Date of Award
2017
Degree Type
Thesis
Degree Name
Master of Science in Ocean Engineering
Department
Ocean Engineering
First Advisor
James Miller
Abstract
Measuring the performance of hydrophones in submarine and surface ship towed arrays at low frequencies in the Leesburg test facility (Okahumpka, FL) is achieved using ambient noise as a calibration source. The preferred method of calibration that relies on a known, repeatable sound source is not implemented because the equipment capable of generating sound at such low frequencies does not currently exist.
This project examines the feasibility of implementing a moving magnet actuator (MMA) as the motor force in a very low frequency (VLF) underwater acoustic projector. MMAs have the potential to advance low frequency projector technology by providing large linear displacements and large force outputs in a small package. To explore this potential, three methods of investigation are performed in this study: analytical modeling, numerical modeling, and experimental testing. Analytical modeling is performed in Matlab using fundamental equations for a simple acoustic point source. Numerical modeling is represented as a fluid-structure interaction (FSI) problem and is solved using the finite element program Abaqus. Experimental testing is conducted by placing a load on a Bose MMA to simulate the mass of the VLF projector’s water displacement.
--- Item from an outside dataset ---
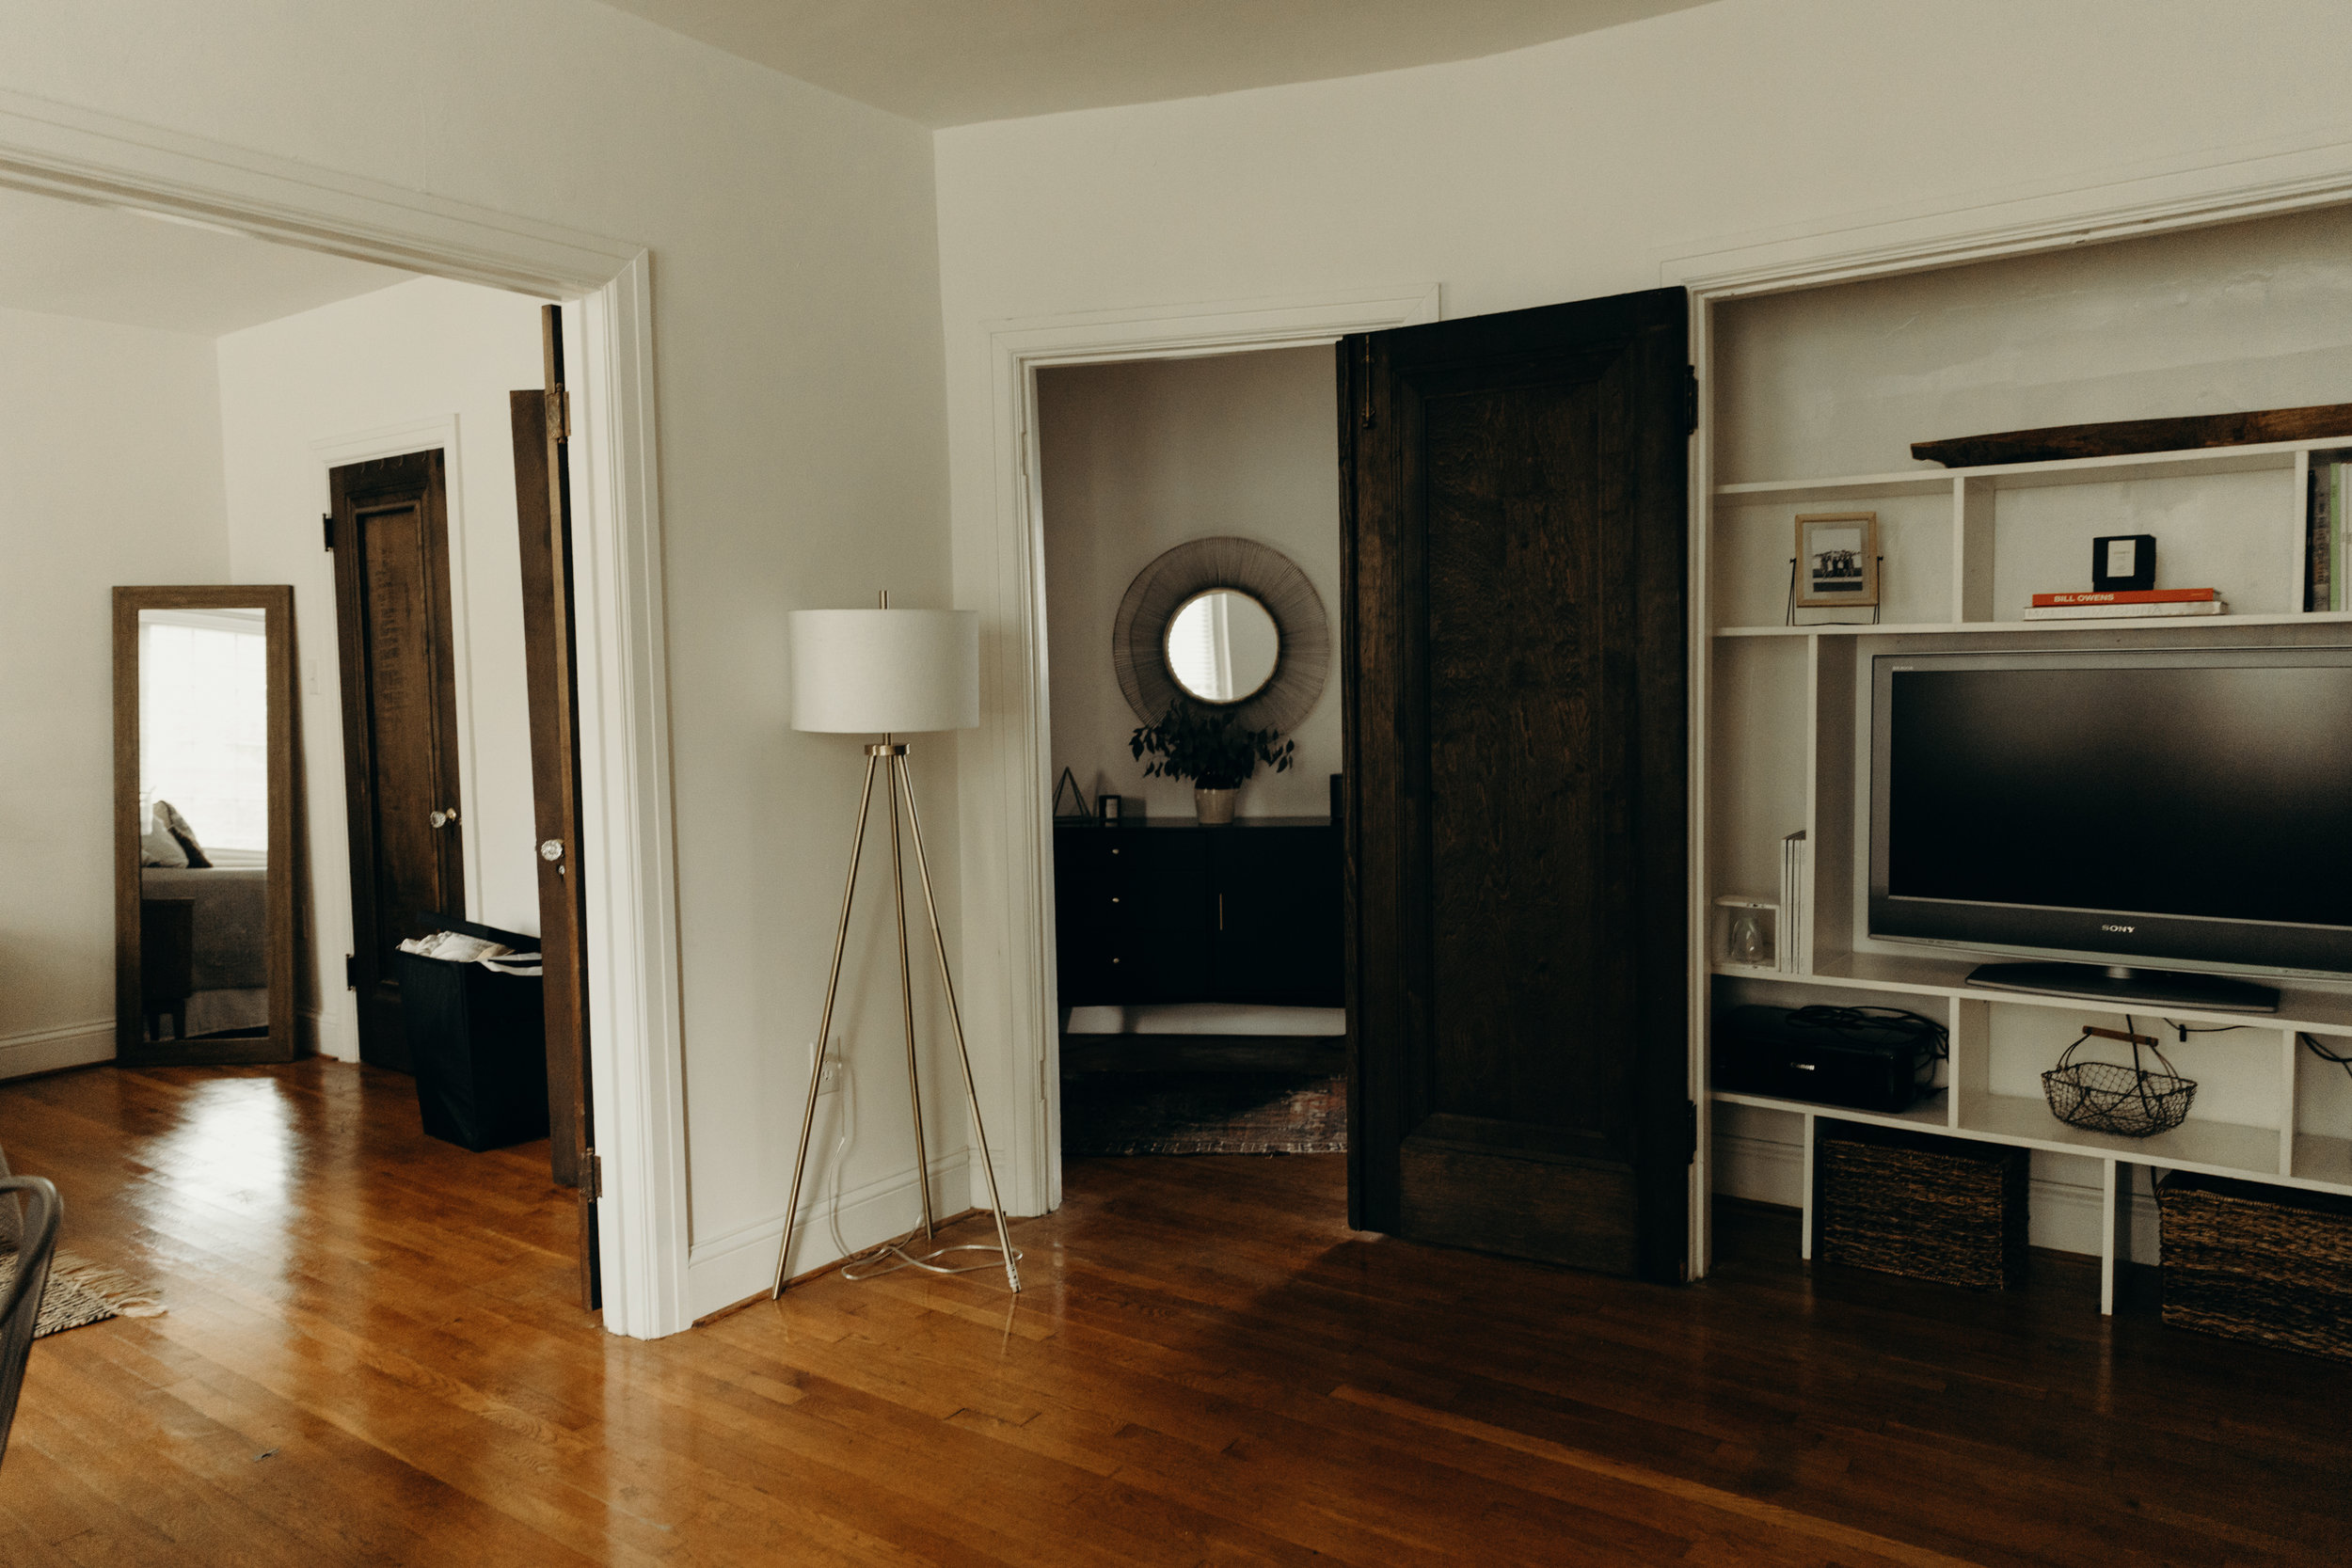 13-ltw-apartment-sterling-court.jpg

Analytical and numerical modeling efforts estimate a projector source level of over 125 dB// 1 μPa @1m at 1Hz and over 180 dB// 1 μPa @1m at 30Hz. The experimental efforts find that the Bose MMA operates at displacements necessary to achieve sound pressure levels calculated from the analytical and numerical models. This study indicates that an MMA is a suitable force generator for the VLF projector and explores future work necessary for VLF projector design, manufacture, and operation.
Recommended Citation
Wallin, Brenton, "Implementation of Moving Magnet Actuation in Very Low Frequency Acoustic Transduction" (2017). Open Access Master's Theses. Paper 1017.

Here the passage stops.